The 5-HNTs fusiform node spinning fibre film prepared according to above-mentioned process conditions, is measured its nanofiber
Average diameter be 0.94 μm, the specific surface area of spinning fibre is 2.01m2/ g, fiber pore volume are 0.008419cm3/ g, spinning
The average pore size of fiber is 16.78nm, and spinning fibre film surface is hydrophobicity, and static contact angle is 117 °.
Embodiment 2
(1) polycaprolactone is dissolved in trifluoroethanol, stirs 3h at normal temperature, be made into electrostatic spinning solution.Wherein, gather
The mass fraction of lactone is 15wt%.
(2) HNTs porous microsphere is centrifugally separating to obtain the microballoon having a size of 3 μm or so through natural subsidence-, in mass ratio
HNTs porous microsphere: pla-pcl=7:93 is added into above-mentioned spinning solution, ultrasonic disperse 30min, magnetic agitation 3h, repeatedly
3 times, obtain spinning presoma.Wherein, natural subsidence 3min collects its supernatant, and 8000rpm centrifugation 4min collects its precipitating.
(3) preparation that fusiform node spinning fibre film is carried out using electrospinning device, is denoted as 7-HNTs.Wherein, quiet
Electrospinning process parameter is as follows: spinning voltage 15kV, drum rotation speed 100rpm, and receiving distance is 20cm, and syringe needle size is 19#,
Feed flow rate 0.005mm/min, ambient humidity 30%, 37 DEG C of environment temperature.

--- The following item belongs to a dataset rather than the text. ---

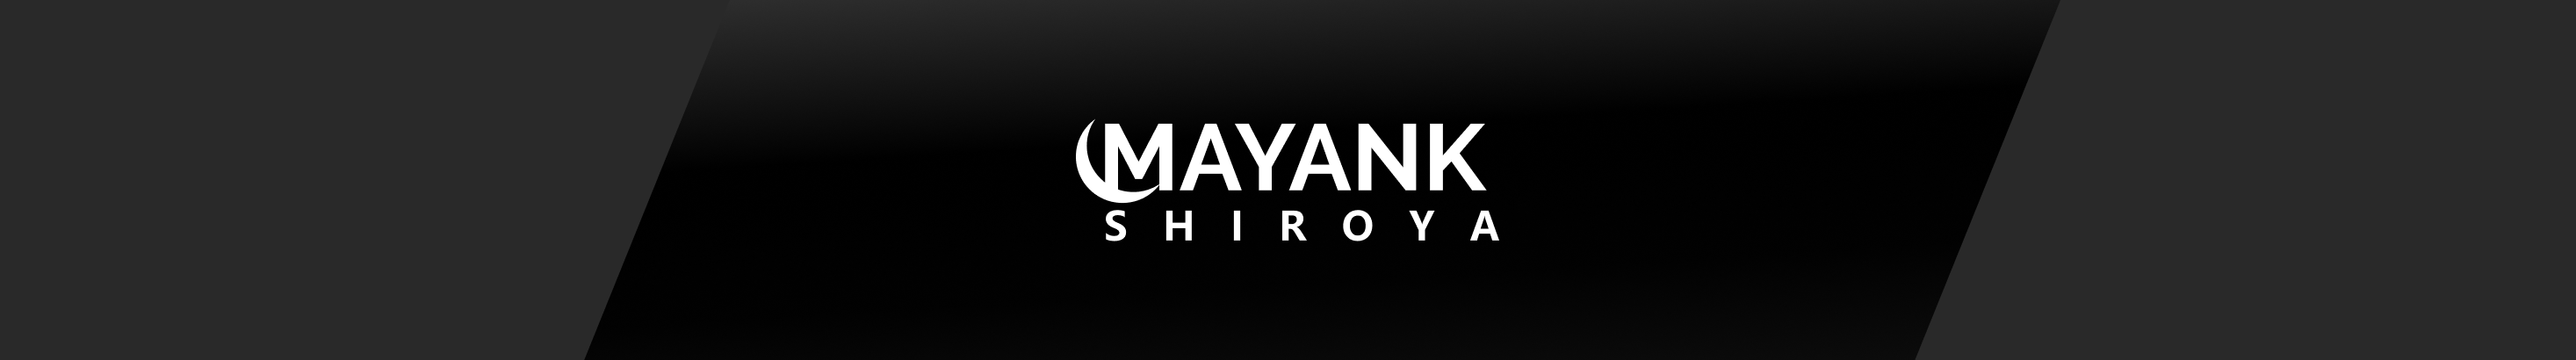 Mayank shiroya's profile banner
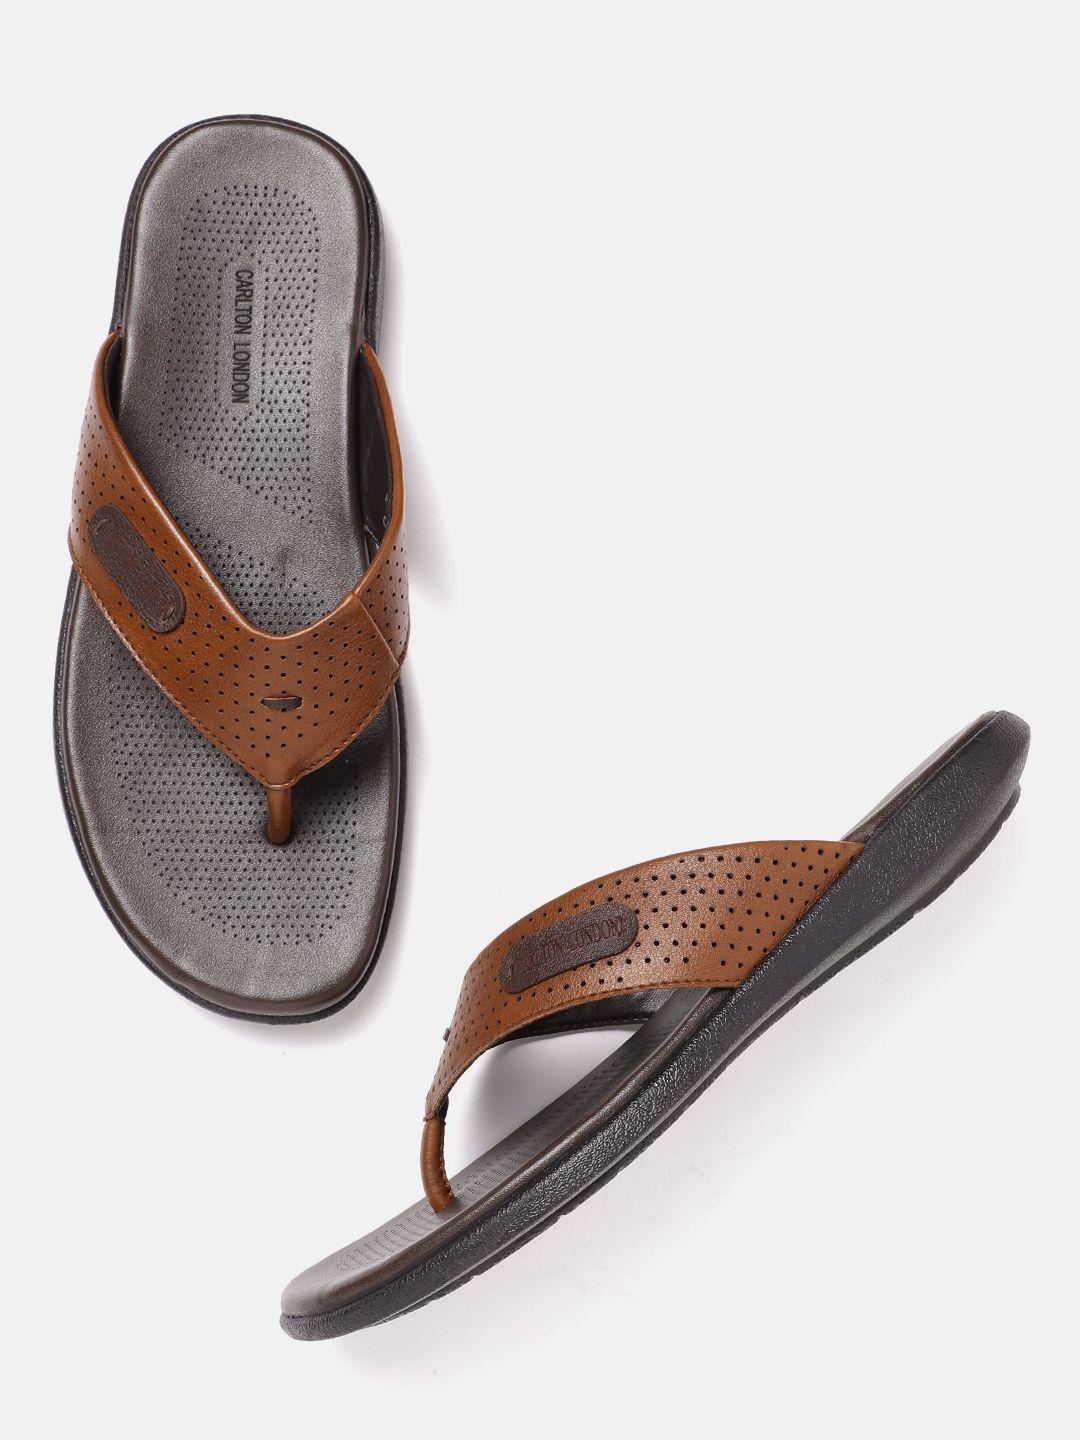 carlton-london-men-tan-brown-perforated-comfort-sandals

The 7-HNTs fusiform node spinning fibre film prepared according to above-mentioned process conditions, is measured its nanofiber
Average diameter be 0.84 μm, the specific surface area of spinning fibre is 3.01m2/ g, fiber pore volume are 0.009837cm3/ g, spinning
The average pore size of fiber is 13.09nm, and spinning fibre film surface is hydrophobicity, and static contact angle is 112 °.
Embodiment 3
(1) polycaprolactone is dissolved in trifluoroethanol, stirs 3h at normal temperature, be made into electrostatic spinning solution.Wherein, gather
The mass fraction of lactone is 15wt%.
(2) HNTs porous microsphere is centrifugally separating to obtain the microballoon having a size of 3 μm or so through natural subsidence-, in mass ratio
HNTs porous microsphere: pla-pcl=9:91 is added into above-mentioned spinning solution, ultrasonic disperse 30min, magnetic agitation 3h, repeatedly
3 times, obtain spinning presoma.Wherein, natural subsidence 2min collects its supernatant, and 8000rpm centrifugation 3min collects its precipitating.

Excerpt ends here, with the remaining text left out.